When Mrs. Johnson learned that trauma counselors were needed after a fatal bus crash in Saskatchewan in 2018, she decided to take a university counseling course online.
“I had minimal computer skills and, being a math and science person, the thought of writing papers scared me,” she wrote in a class report. “At the same time, my daughter was in grade 9 and being diagnosed with a processing disability. I decided to push through my fears and show her that disabilities don’t need to stop us or slow us down.”
Helping trauma survivors remains her goal. “My shot at the moon was that I would become a counselor and use this technology to talk to my clients,” she told Dr. Chang’s team.

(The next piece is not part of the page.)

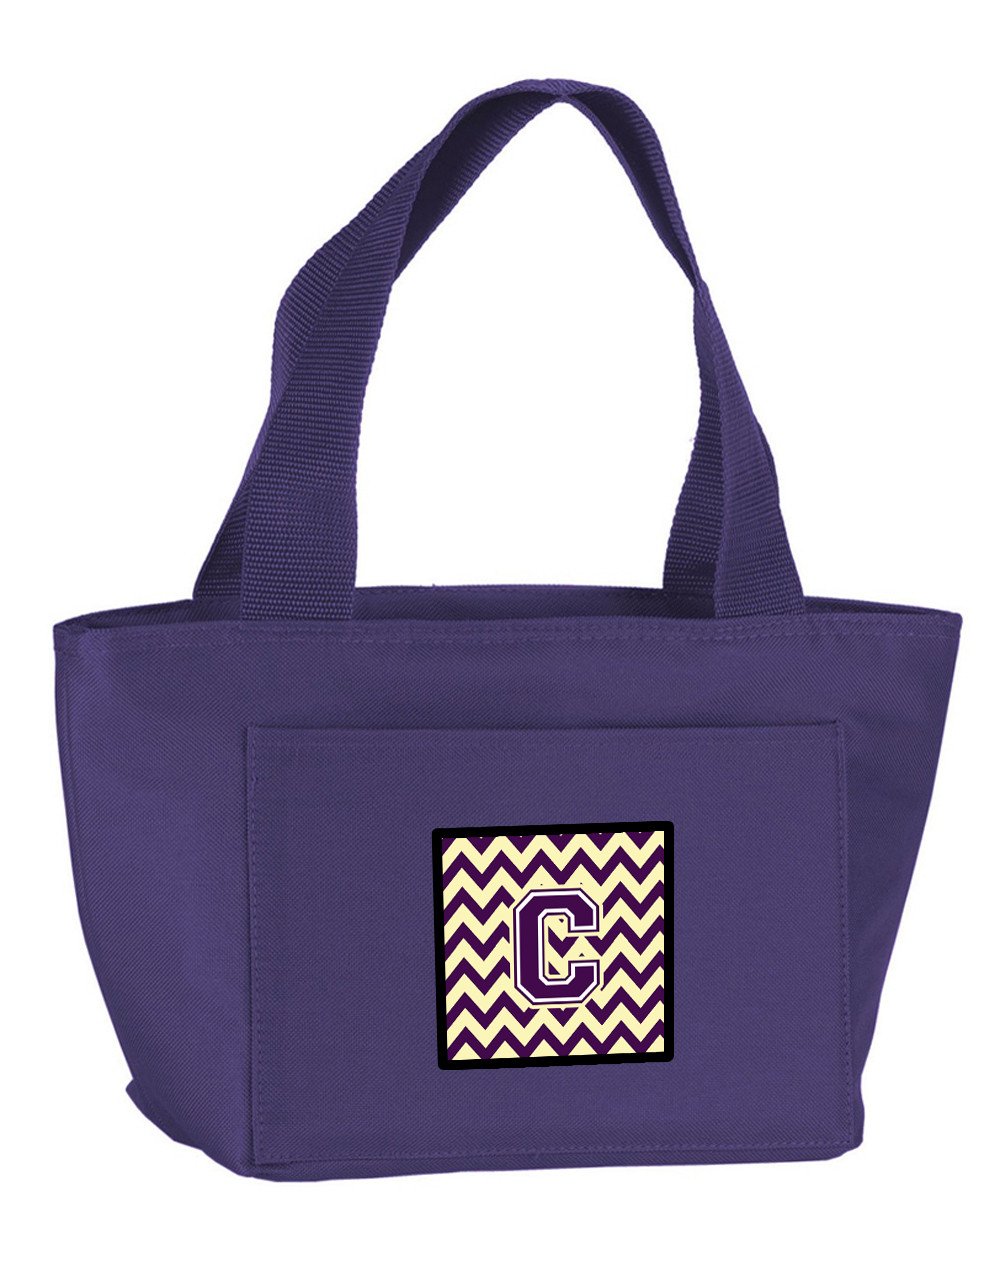 Letter C Chevron Purple and Gold Lunch Bag CJ1058-CPR-8808 by Caroline's Treasures

At first when she started making emotional expressions with the avatar, “I felt silly, but I like feeling like I have an expressive face again,” she wrote, adding that the exercises also enabled her to move the left side of her forehead for the first time.
She has gained something else, too. After the stroke, “it hurt so bad when I lost everything,” she wrote. “I told myself that I was never again going to put myself in line for that disappointment again.”
Now, “I feel like I have a job again,” she wrote.
Besides, the technology makes her imagine being in “Star Wars”: “I have kind of gotten used to having my mind blown.”